» **Problem details**:
Write the data out in full and word for word. Do not include images.

» **Information provided**:
□ □ □

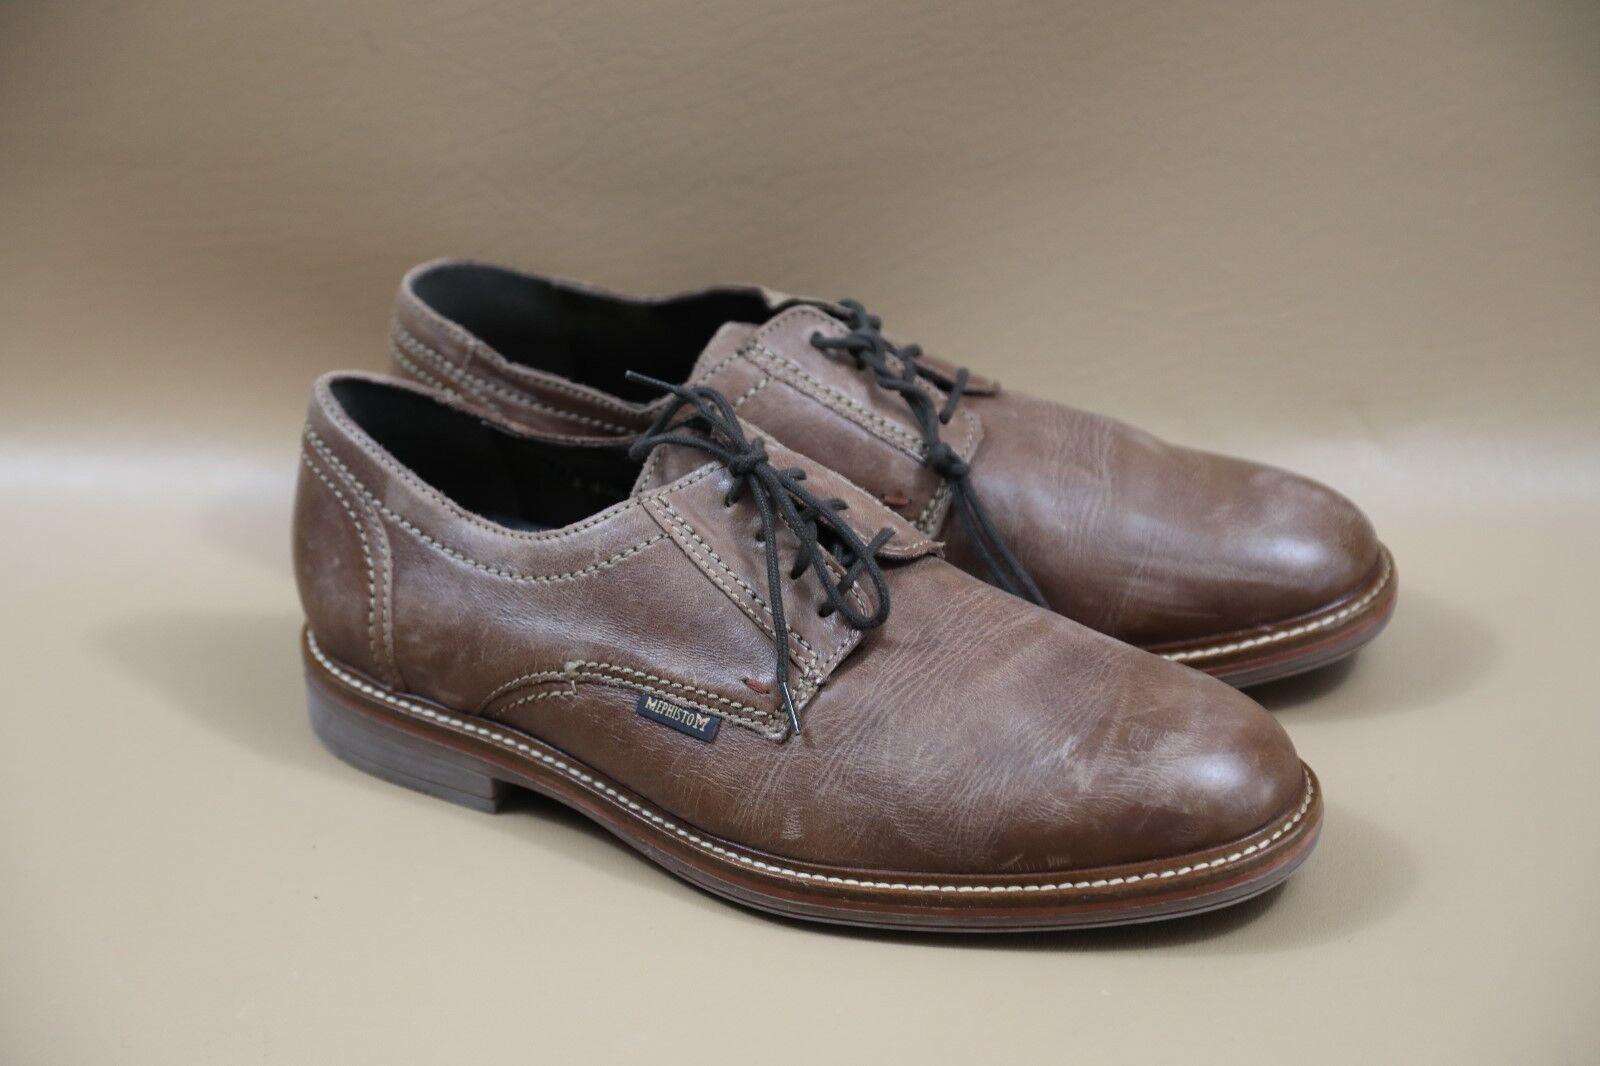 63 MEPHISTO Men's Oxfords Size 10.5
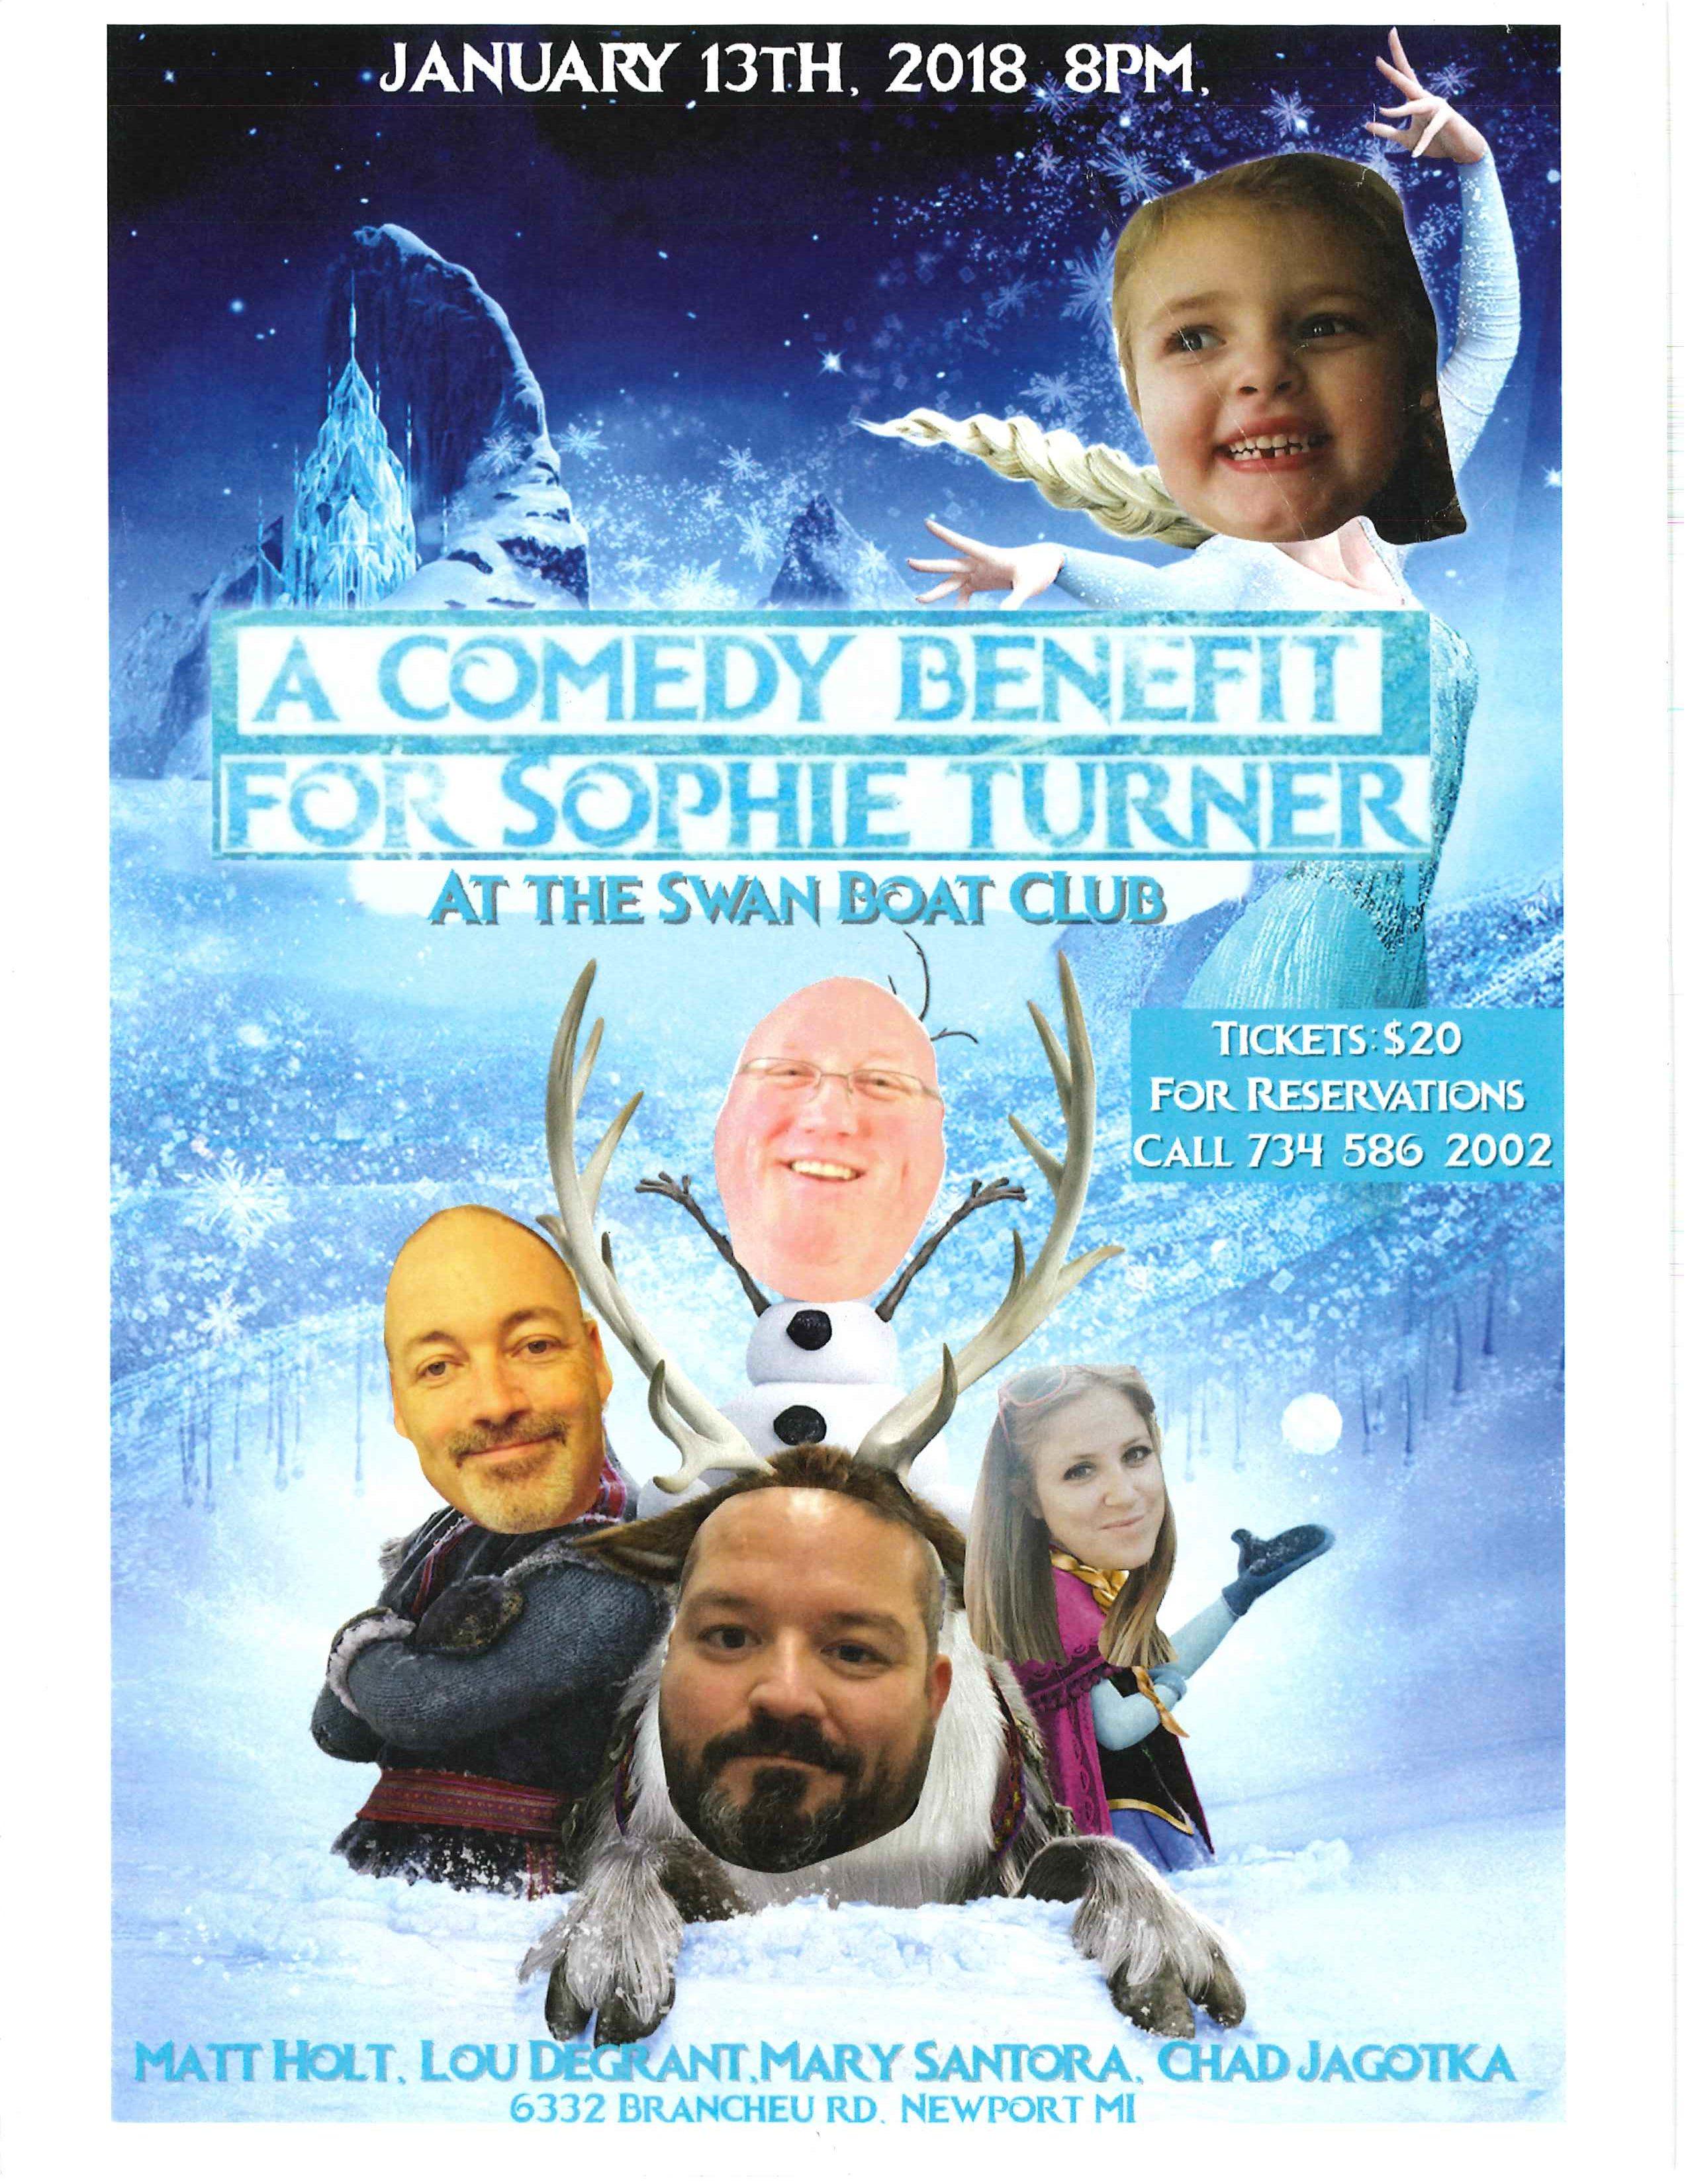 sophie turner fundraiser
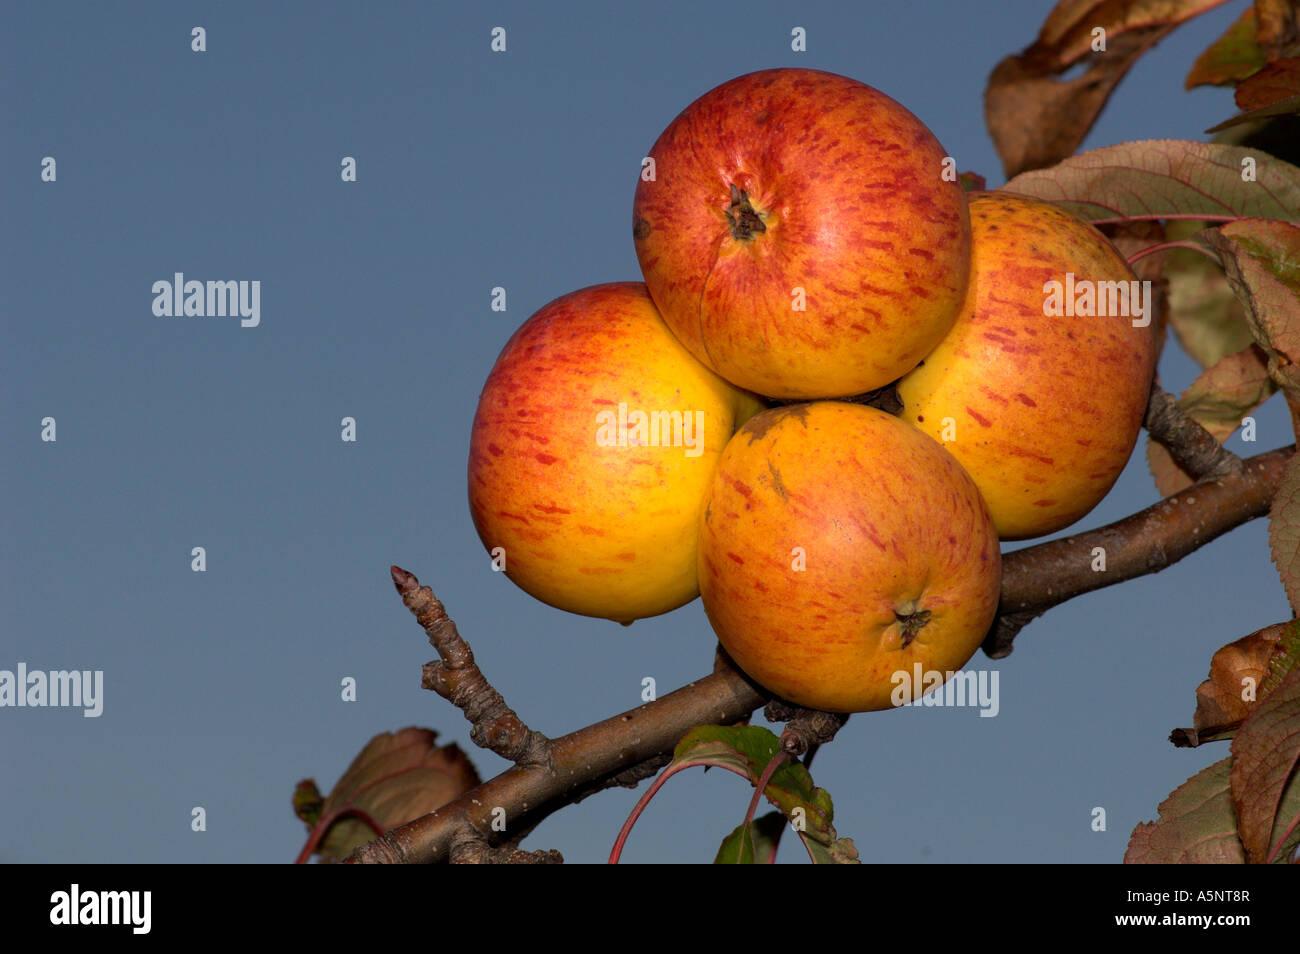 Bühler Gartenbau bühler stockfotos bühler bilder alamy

□ □ □

» **Reply**:
 63 MEPHISTO Men's Oxfords Size 10.5
 sophie turner fundraiser
 Bühler Gartenbau bühler stockfotos bühler bilder alamy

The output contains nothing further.